Os dados relativos a investimentos para os próximos anos, produzidos pelo IJSN – Instituto Jones dos Santos Neves e divulgados pelo jornal A Gazeta no último domingo, por exemplo, mostram movimentos interessantes. O primeiro deles diz respeito ao perfil dos investimentos sob a ótica da diversificação. Se tomarmos como referência o primeiro ponto da série histórica iniciada em 2002 e que projetava para os cinco anos à frente, vamos observar uma nítida tendência de diversificação. Ou seja, um número muito maior de segmentos passou a compor o quadro geral de investimentos. Ótimo!
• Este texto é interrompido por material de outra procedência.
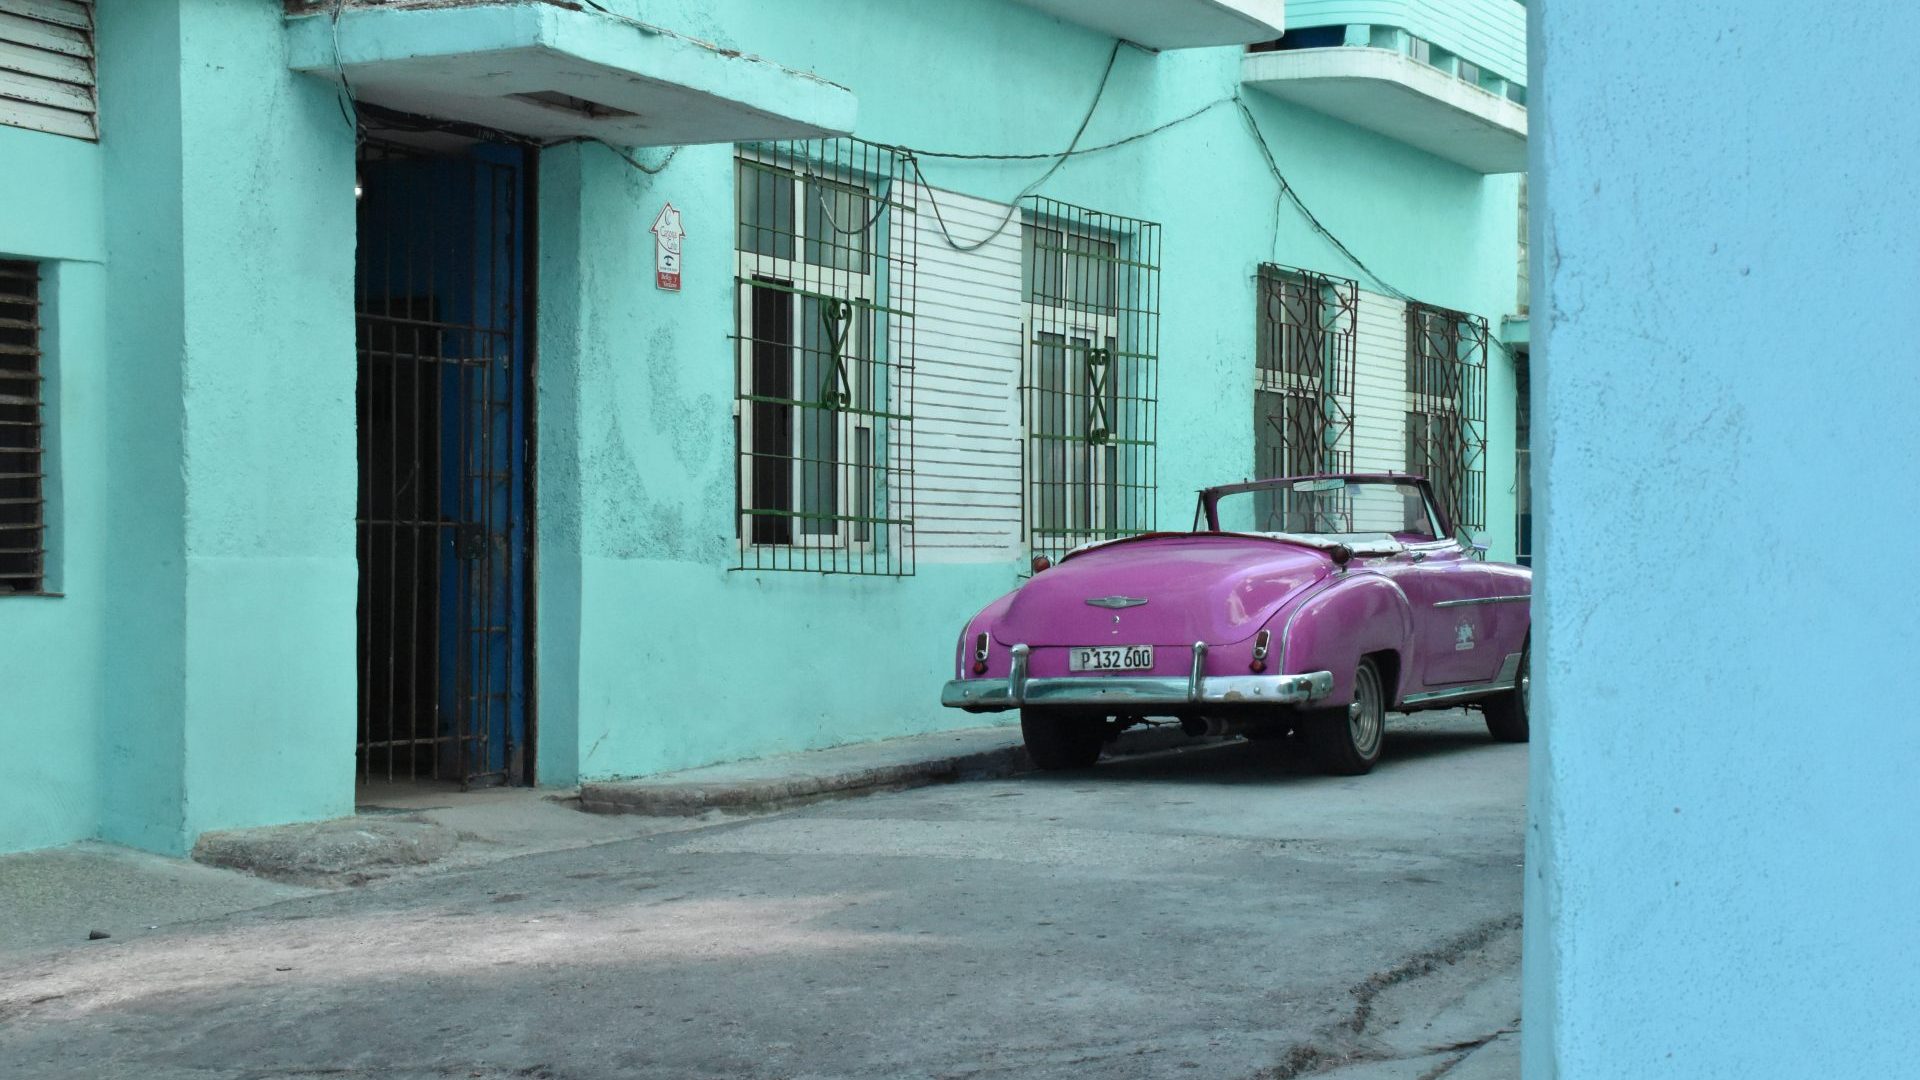 Travel tips for Cuba Caliente

O segundo movimento, que de alguma forma está relacionado ao primeiro, mas que se apresenta ainda com menor intensidade, é observado através da desconcentração territorial. A região Metropolitana perde participação no bolo geral dos investimentos, enquanto regiões como Polo Linhares, Metropolitana Expandida Sul e Polo Cachoeiro ganham. O grande desafio, no entanto, continua sendo fazer com que todo esse crescimento também passe a beneficiar as demais regiões de maneira mais significativa. Mesmo assim, avanços já são detectados nesta última versão do trabalho de mapeamento de investimentos.
Para finalizar, consideramos razoável supor que os dois movimentos acima descritos possam ter relação direta com o fato de que a velocidade do crescimento do emprego formal no Espírito Santo, nos últimos sete anos, ter sido bem maior do que a velocidade de crescimento do PIB: 8,04% contra 4,28% ao ano. Essa diferença não encontraria explicação apenas numa maior formalização das relações de empregatícias – passagem da informalidade para a formalidade através do emprego com carteira de trabalho -. Algo de novo estaria em operação. E o mais provável é que estejamos num estágio acelerado de amadurecimento da economia. E nessa situação, a diversificação, a complexidade e a sofisticação fazem ampliar o leque de oportunidades do crescimento econômico e do desenvolvimento. Nesse ambiente, as respostas aos estímulos dos investimentos tendem a ser potencialmente mais impactantes, muito mais do que foi no passado. E podem ser ainda maiores, se nos capacitarmos para tanto.